The New Bedford Museum of Glass
- Established: 1993
- Location: 427 County Street New Bedford, Massachusetts
- Coordinates: 41°38′57″N 70°55′33″W﻿ / ﻿41.6493°N 70.9259°W
- Director: Kirk J. Nelson
- Website: www.nbmog.org

= New Bedford Museum of Glass =

Museum in Massachusetts

The New Bedford Museum of Glass, located in New Bedford, Massachusetts, is home to a wide collection of glass ranging from ancient Mediterranean unguent bottles to designs by contemporary artists such as Dale Chihuly.

==History==
It was first established in 1993 as the Glass Art Center at the former Bradford College in Haverhill, Massachusetts. After the college closed, the museum relocated to New Bedford in part due to the city's rich heritage of glassmaking. As a result, Mount Washington glass and Pairpoint glass compose a large part of the museum's collection.

The New Bedford Museum of Glass originally opened in 2010 in one of the original buildings of the historic Wamsutta Textile Mills complex. After temporarily closing in 2019, it relocated to the historic James Arnold Mansion at 427 County Street in January 2022.
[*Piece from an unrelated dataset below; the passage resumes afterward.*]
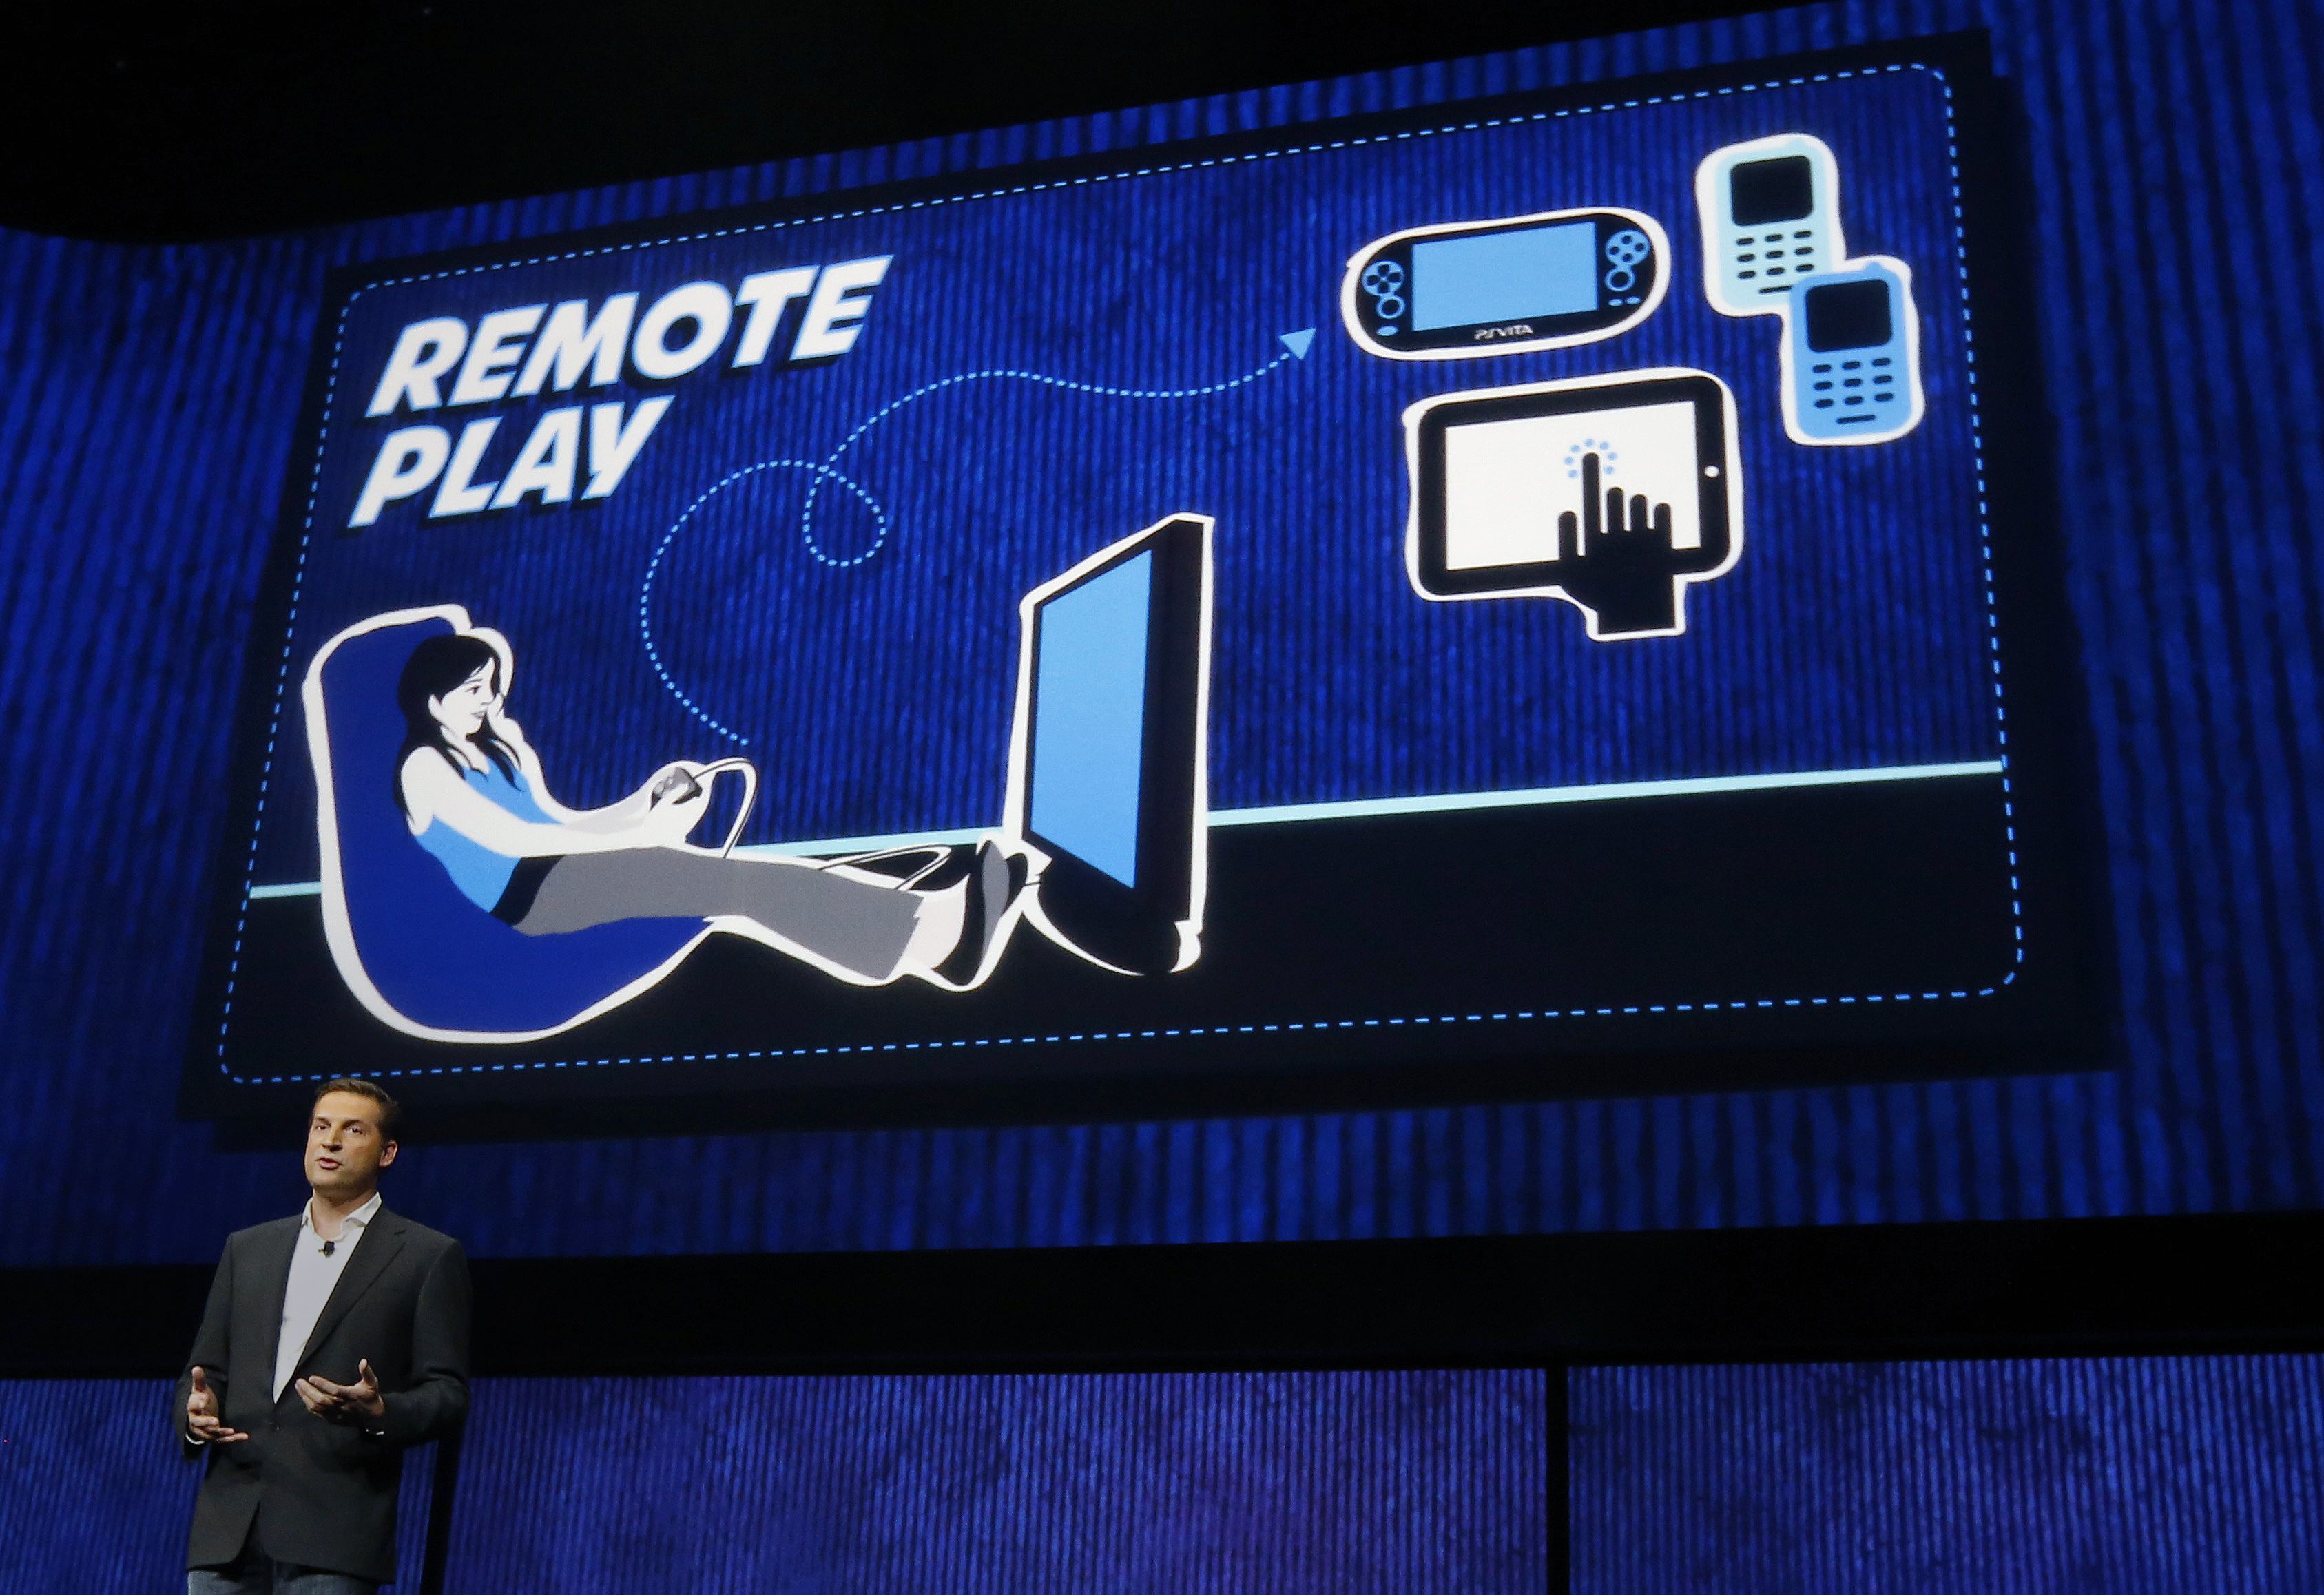 Le Remote play, sur tous les smartphone android .

== Glassmaking in New Bedford ==
New Bedford was one of the world's most industrious cities during the 1800s due to its easily accessible harbor and the fortune generated by the whaling industry. As a result, the Mount Washington glass company relocated from Boston to New Bedford in 1870. In 1880, the Pairpoint Manufacturing company opened, absorbing Mount Washington in 1894. Pairpoint remained in operation as a glass manufacturer until 1938 when it went out of business. It opened up again briefly as the Gundersen-Pairpoint Glass Company before being renamed for a final time to Pairpoint Glass Company.

== Collection ==

The museum's collection numbers more than 7,000 items. The earliest example of glass on display is a core-formed vessel of eastern Mediterranean origin dating from 600 BCE. European glass includes a diamond-engraved wine glass of about 1690, an English seal bottle dated 1785, a glass portrait medallion of about 1813 representing Arthur Wellesley, the First Duke of Wellington, by English artist John Henning, and numerous other examples. Early American glass is particularly well represented in the museum galleries. The collection includes outstanding examples by the Boston and Sandwich Glass Company, the New England Glass Company, Thomas Cains' Phoenix Glass Works of South Boston, Bakewell, Page and Bakewell of Pittsburgh and many other celebrated makers. Examples of New Bedford glass include Mount Washington's Amberina, Burmese, Crown Milano, Lava Glass, Peach Blow, and Royal Flemish art glass and Pairpoint engraved pieces. Contemporary artists include Dale Chihuly, Edris Eckhardt, and Harvey Littleton. The museum's collection of American political glass, featured in a special installation at the New Bedford City Hall, is the largest of its kind on public display, numbering more than 500 items. Popular permanent exhibits in the museum galleries include "Contemporary Paperweights: The Schimmelpfeng Collection" and "Atomic Green Vaseline: Uranium Glass in Everyday Life." Another important resource at the museum is the Virginia Shaw Rockwell Research Library, which contains more than 6,000 publications on the subject of glass.